Subject to the right of GMAC to request a hearing by March 12, 2007 on the issues of whether negative equity was refinanced or to determine the retail value of the Trailblazer, for the reasons set forth in Peaslee[6] and Jackson, pursuant to Section 506(a)(1), GMAC shall have an allowed secured claim of $17,300.00, reduced by any payments received in the Cassidy Case, to be paid in equal monthly payments together with the applicable Till rate of interest, to be set forth in the Confirmation Order presented to the Court by the Trustee, and an unsecured claim for $4,327.00.

IT IS SO ORDERED.

NOTES

[1] Section 506 provides, in part, that:

(a) (1) An allowed claim of a creditor secured by a lien on property in which the estate has an interest, or that is subject to setoff under section 553 of this title, is, a secured claim to the extent of the value of such creditor's interest in the estate's interest in such property, or to the extent of the amount subject to setoff, as the case may be, and is an unsecured claim to the extent that the value of such creditor's interest or the amount so subject to setoff is less than the amount of such allowed claim. Such value shall be determined in light of the purpose of the valuation and of the proposed disposition or use of such property, and in conjunction with any hearing on such disposition or use or on a plan affecting such creditor's interest.

11 U.S.C. § 506 (2006).

[2] On August 7, 2006, GMAC filed a secured claim (the "GMAC Secured Claim") in the amount of $21,626.75.

[3] The Retail Installment Contract was later assigned to GMAC.

[4] The Trustee initially filed objections to confirmation in the cases where he believed that because of the roll-in and refinance of negative equity, the Section 1325(a)(9) Hanging Paragraph did not apply, even though the respective debtor's plan provided for treatment of the secured claim under the Section 1325(a)(9) Hanging Paragraph. It was at the Court's suggestion that the Trustee filed the valuation motions in order to insure that the respective members of the Motor Vehicle Finance Group received clear and detailed notice of the Trustee's position and so the motions could then be set down for consolidated oral arguments.

[*] [Editor's Note: Attachment omitted by publisher for publication purposes.]

[**] [Editor's Note: Attachment omitted by publisher for publication purposes.]

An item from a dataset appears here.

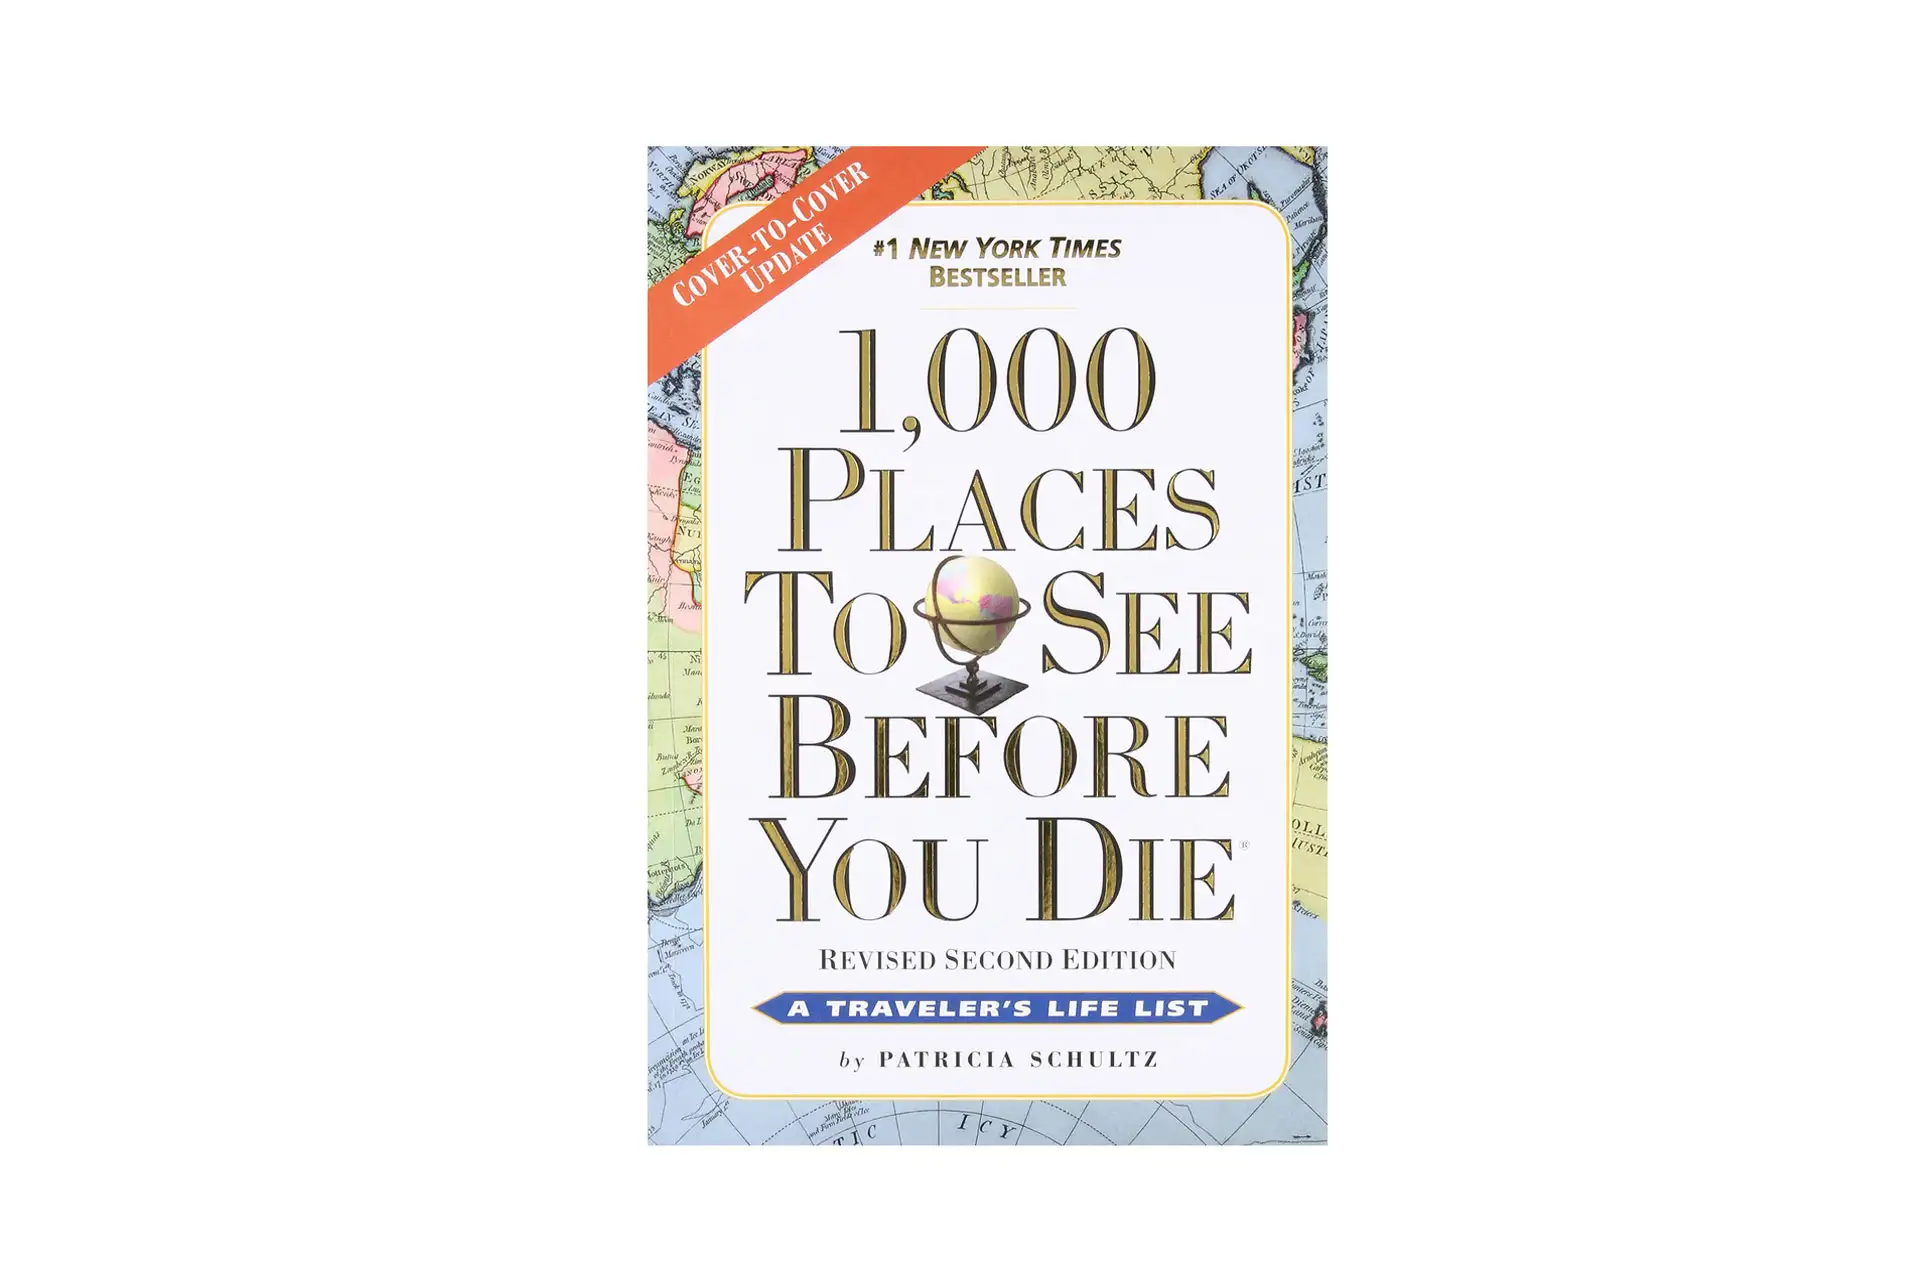 1,000 Places to See Before You Die Book; Courtesy of Amazon

[5] These findings, numbered (3) and (4), were primarily to address the Court's determinations in the ten other cases it had on reserve when Peaslee and Jackson were decided, including this case. Jackson also indicated that in the future these refinancing of negative equity cases would be addressed in connection with objections to confirmation when any response by a motor vehicle financer should address whether it requests a hearing on negative equity or retail value.

[6] The position and principal arguments asserted by GMAC were addressed in Peaslee.